THE TASK =>
Would you transcribe the listing that follows, character for character, and omit its images?

PROVIDED DATA =>
§
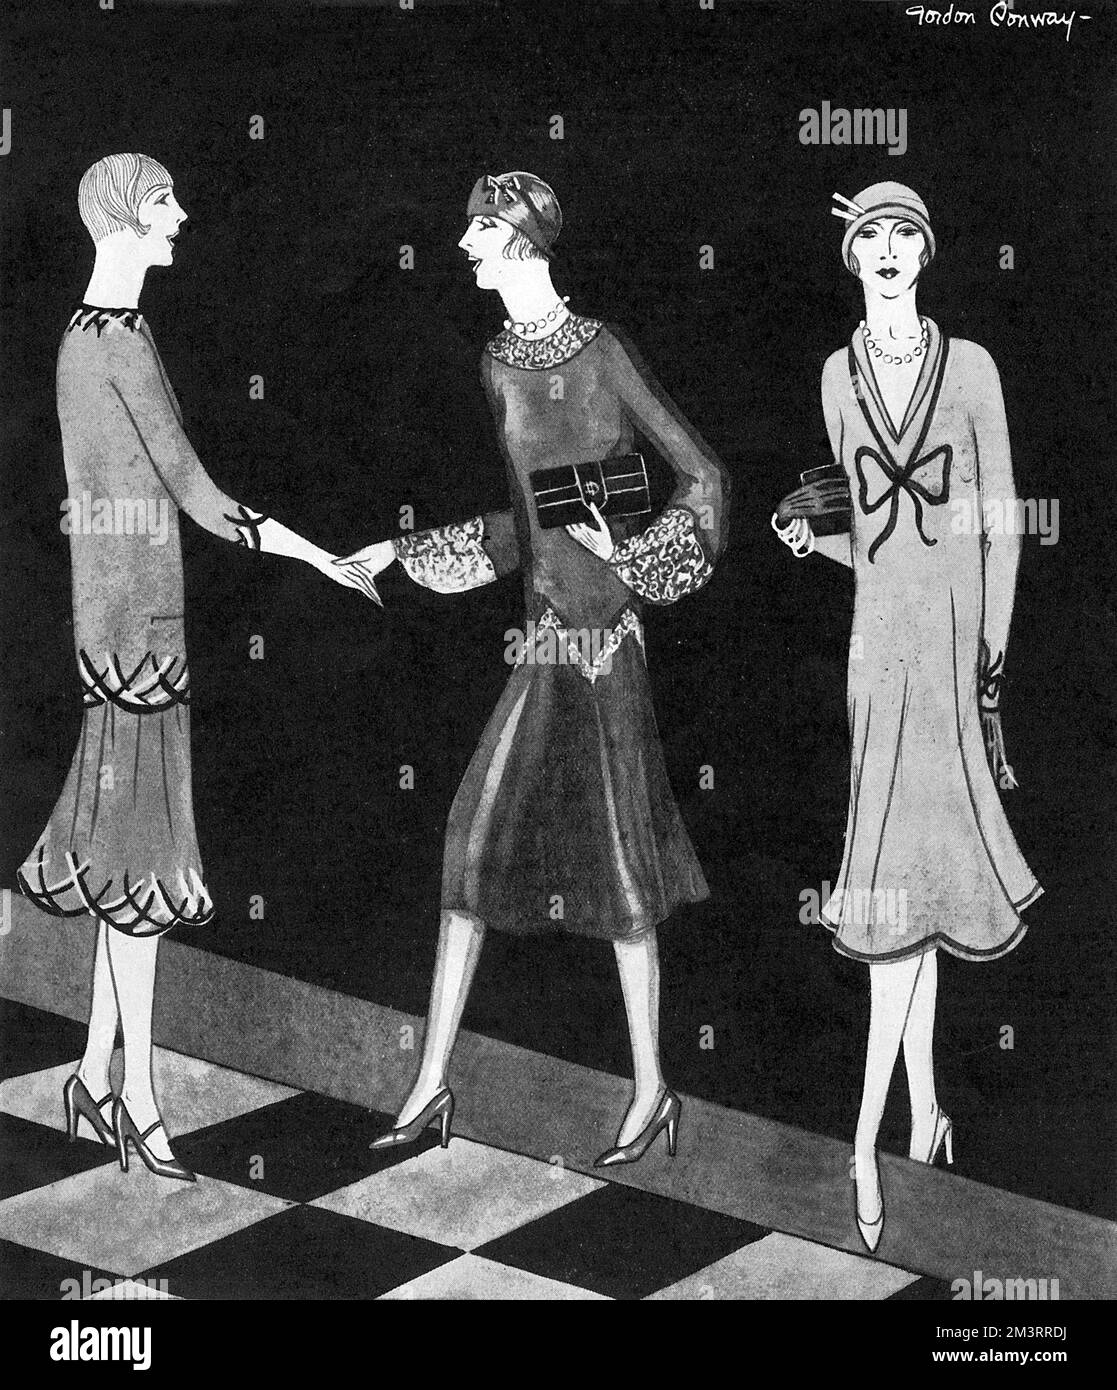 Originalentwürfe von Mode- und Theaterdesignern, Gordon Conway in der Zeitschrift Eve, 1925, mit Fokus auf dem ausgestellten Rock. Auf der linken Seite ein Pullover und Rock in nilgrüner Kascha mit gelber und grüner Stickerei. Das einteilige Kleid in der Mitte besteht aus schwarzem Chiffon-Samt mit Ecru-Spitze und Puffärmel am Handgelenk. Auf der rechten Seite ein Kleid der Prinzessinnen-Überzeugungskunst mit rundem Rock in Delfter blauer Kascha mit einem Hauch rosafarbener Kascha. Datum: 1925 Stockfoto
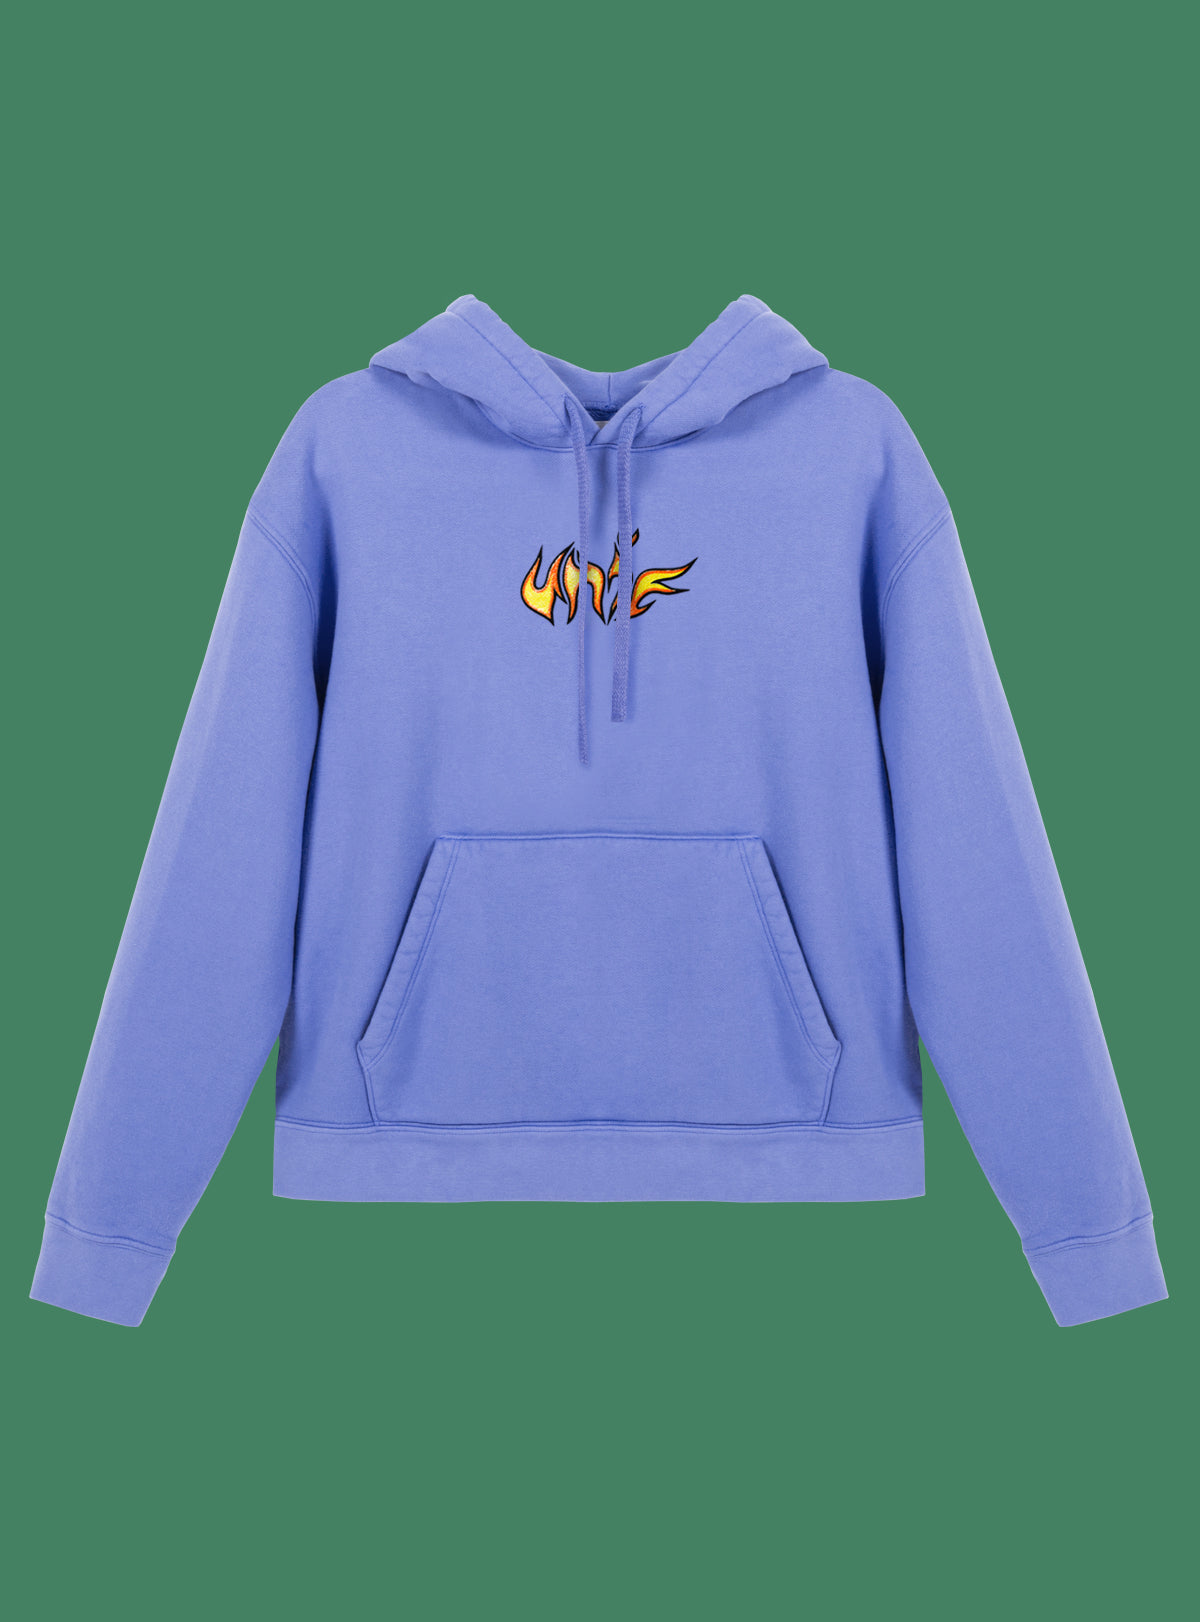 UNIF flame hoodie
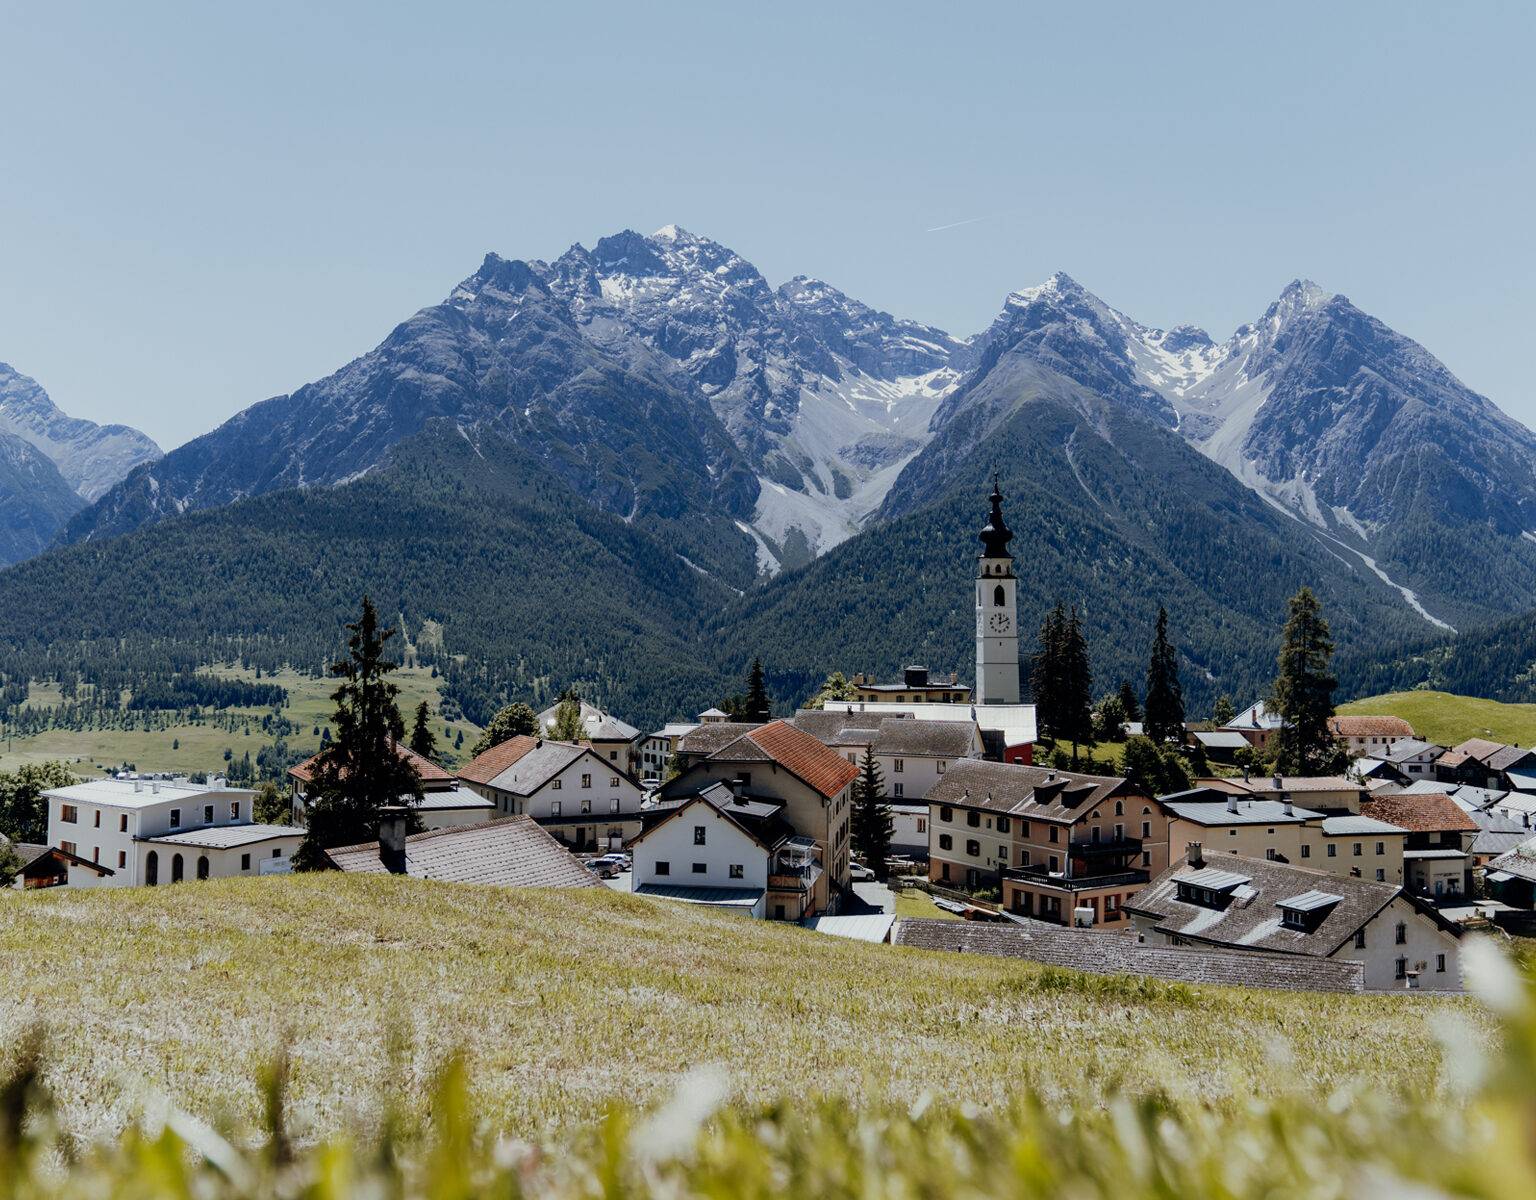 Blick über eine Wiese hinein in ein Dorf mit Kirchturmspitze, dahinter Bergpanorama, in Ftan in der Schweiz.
§
EXPECTED ANSWER =>
 Originalentwürfe von Mode- und Theaterdesignern, Gordon Conway in der Zeitschrift Eve, 1925, mit Fokus auf dem ausgestellten Rock. Auf der linken Seite ein Pullover und Rock in nilgrüner Kascha mit gelber und grüner Stickerei. Das einteilige Kleid in der Mitte besteht aus schwarzem Chiffon-Samt mit Ecru-Spitze und Puffärmel am Handgelenk. Auf der rechten Seite ein Kleid der Prinzessinnen-Überzeugungskunst mit rundem Rock in Delfter blauer Kascha mit einem Hauch rosafarbener Kascha. Datum: 1925 Stockfoto
 UNIF flame hoodie
 Blick über eine Wiese hinein in ein Dorf mit Kirchturmspitze, dahinter Bergpanorama, in Ftan in der Schweiz.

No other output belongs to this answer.